Shocking, incredible, exorbitant. Those were the hardly routine words deployed by an inspector general in a report released Monday blasting the Defense Department for spending $43 million on a compressed natural gas automobile filling station in Afghanistan.
A similar station in neighboring Pakistan cost only $500,000, the special inspector general for Afghanistan reconstruction said in a letter to Defense Secretary Ash Carter. Top auditor John Sopko also complained that Pentagon officials working on rebuilding the economy of the war-torn country threw roadblocks in front of SIGAR investigators and claimed to have no knowledge of how the cost overruns occurred.
The DoD’s Task Force for Stability and Business Operations, with an $800 million budget, in 2011 inked a $3 million contract with a firm called Central Asian Engineering. Its chief purpose was constructing Afghanistan’s first compressed fueling station, which would include two dispensers, four hoses, one trailer filling point, a car conversion center, an administrative office building, and gas compression and processing equipment.
The project was also designed to prove that there is an interest on the part of the Afghan government in compressed fuel to reassure investors and create a market value for the station while adding expertise to the government’s Ministry of Mines and Petroleum.
“No evidence exists that [the Defense task force] conducted a feasibility study before spending $43 million on the station,” the report said. “If [the task force] had conducted a feasibility study of the project, they might have noted that Afghanistan lacks the natural gas transmission and local distribution infrastructure necessary to support a viable market for [compressed natural gas] vehicles. Additionally, it appears that the cost of converting a car to run on CNG may be prohibitive for the average Afghan.”
Brian P. McKeon, principal deputy undersecretary of Defense for policy, twice told SIGAR that the department no longer had personnel to answer questions about the fuel station, adding that SIGAR had not availed itself of offered access to relevant records. SIGAR disputed that assertion, saying it pursued a meeting to gain access and will continue to do so.

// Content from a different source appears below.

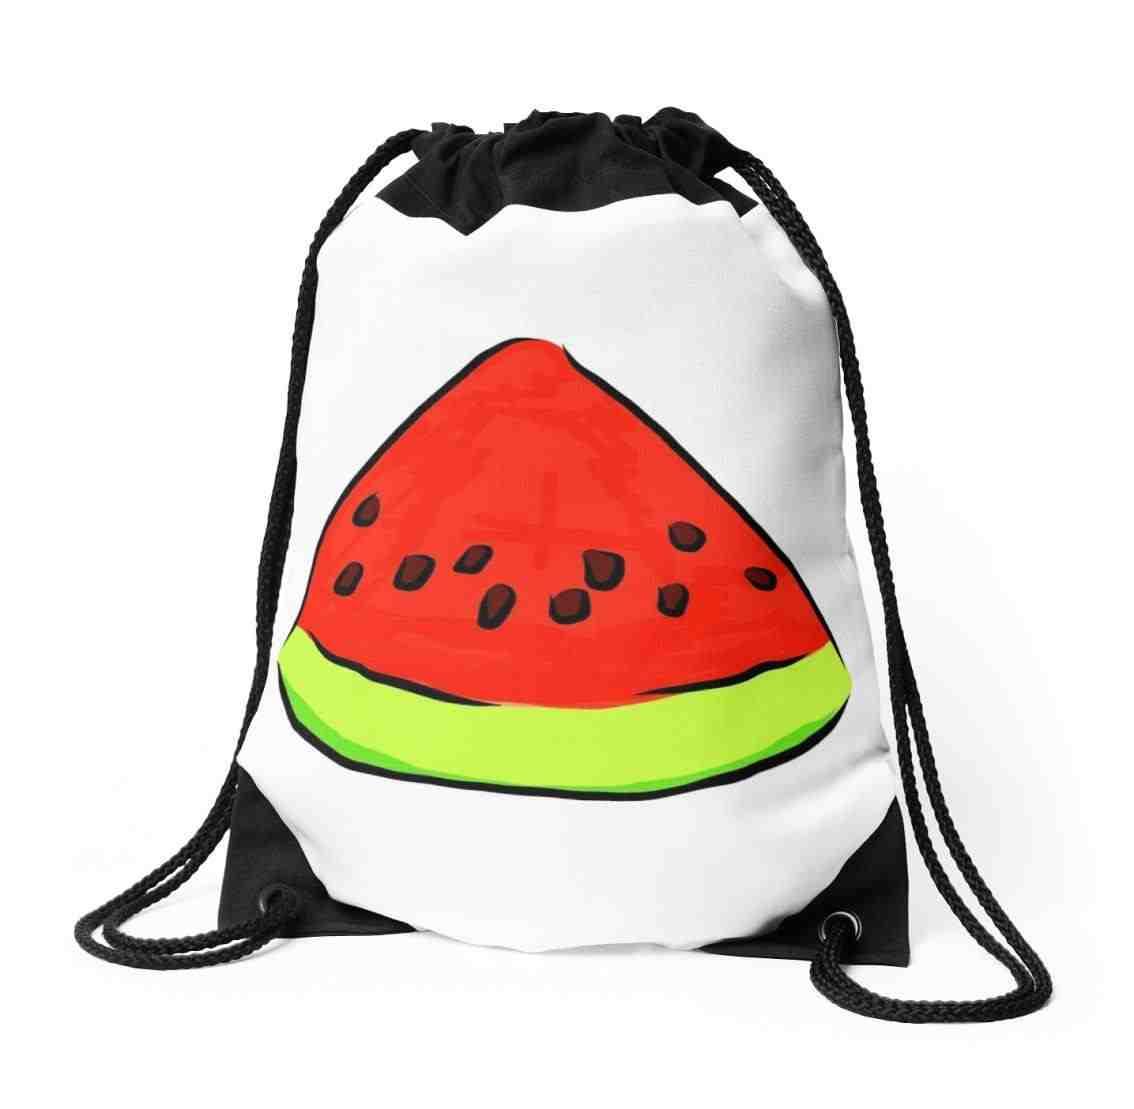 1134x1109 Sans Grossir Foodrhcom Laptop Stickers Clipart Blogger

Sen. Claire McCaskill, D-Mo., on Monday released a statement decrying the “outrageous, wasteful” construction of the $43 million alternative fuel station. “There are few things in this job that literally make my jaw drop,” said McCaskill, a member of the Armed Services Committee. “But of all the examples of wasteful projects in Iraq and Afghanistan that the Pentagon began prior to our wartime contracting reforms, this genuinely shocked me. … Perhaps equally outrageous, however, is that the Pentagon has apparently shirked its responsibility to fully account for the taxpayer money that’s been wasted—an unacceptable lack of transparency that I’ll be thoroughly investigating.”